Protein-Protein Interactions

Very few unique interacting proteins have been identified for the individual Akt family members. Interestingly, whereas the plenty of SH3 domains (POSH) adaptor protein has been shown to be phosphorylated by both Akt1 and Akt2, only Akt2 interacts directly with POSH (19, 20). However, POSH has thus far only been implicated in the induction of apoptotic cell death, making it unlikely that Akt2-specific association with POSH would account for differences in metastasis between our Akt1- and Akt2-expressing mouse models of mammary tumorigenesis. In addition to POSH, another protein that interacts with a particular Akt family member is Tcl1 (T-cell leukemia-lymphoma), a protein implicated in T-cell malignancies. Tcl1 interacts specifically with Akt1, and this interaction leads to increased Akt1 activation and translocation to the nucleus (21). The exact effect this has on Akt1-mediated substrate phosphorylation remains to be determined. Aside from a number of nuclear substrates that become available for targeting by Akt1, this relocalization also reduces Akt1 levels in the cytoplasm and at the plasma membrane, which will also have important consequences for substrate phosphorylation in these cellular compartments.

Localization

One possible explanation for differential behavior of members of the Akt family derives from the observation that in contrast to Akt1, Akt2 localizes predominantly adjacent to the collagen IV matrix during cellular attachment (6).
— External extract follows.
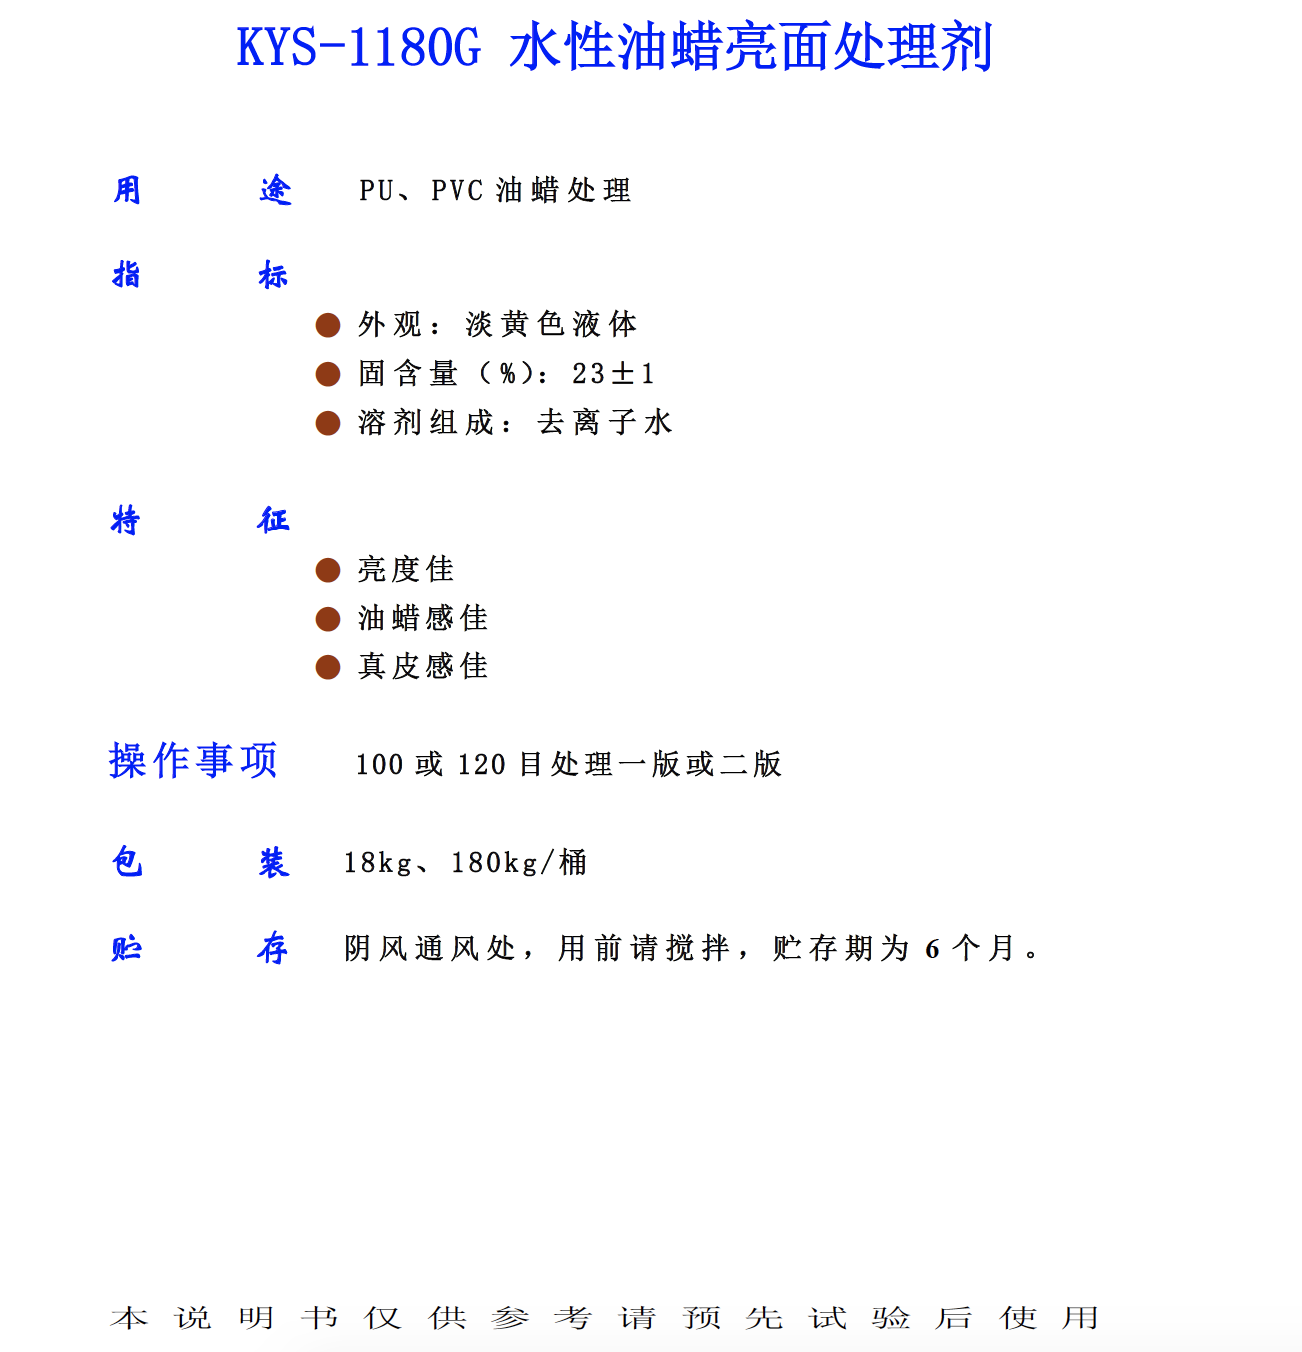 KYS 1180G 水性油蜡亮面处理剂

This localization difference may bring the Akt kinases in proximity to different downstream substrates and may provide a mechanism for contrast in the processes regulated by each family member. The overall conservation between Akt1 and Akt2 at the amino acid level is quite high, especially within the kinase domain. Examination of the conservation between the two proteins within domains reveals the greatest divergence to be between the linker and C-terminal extension regions of the proteins. Interestingly, defects in cell migration in Akt2 null mouse embryonic fibroblasts can be rescued by expressing a chimeric Akt1 protein containing the Akt2 plekstrin homology and linker domain, but not one in which only the kinase domain is swapped (17). In support of these observations, insulin stimulation of adipocytes leads to greater plasma membrane recruitment of Akt2 and GLUT4 translocation to the plasma membrane downstream of Akt2 was shown to be dependent on the plekstrin homology and linker domains of Akt2 (18). It will be interesting to examine the localization of Akt1 and Akt2 in mammary tumor-derived cells and evaluate whether targeting particular family members to distinct subcellular compartments affects the invasive ability.

Concluding Remarks

The Akt kinases regulate a spectrum of biological processes through the phosphorylation of diverse target substrates. In terms of breast cancer invasion and metastasis, the exact mechanism by which the highly related Akt kinases exert such opposing effects is currently an enigma. Candidate hypotheses include differences in activation levels, interacting partners, downstream substrates, or subcellular localization, or quite possibly a combination of several of these mechanisms. Akt plays an important role in promoting a variety of cellular processes that are involved in tumorigenesis and is, thus, an attractive target for cancer therapy. Determining the factors that govern this individuality will open avenues of drug targeting for specific aspects of the cancer phenotype. Furthermore, enhanced Akt activation is observed not only in breast cancer; a number of human malignancies display hyperactivation of the PI3K/Akt pathway. Thus, Akt inhibitors may have therapeutic applications in a broad spectrum of human cancers.

Disclosure of Potential Conflicts of Interest

No potential conflicts of interest were disclosed.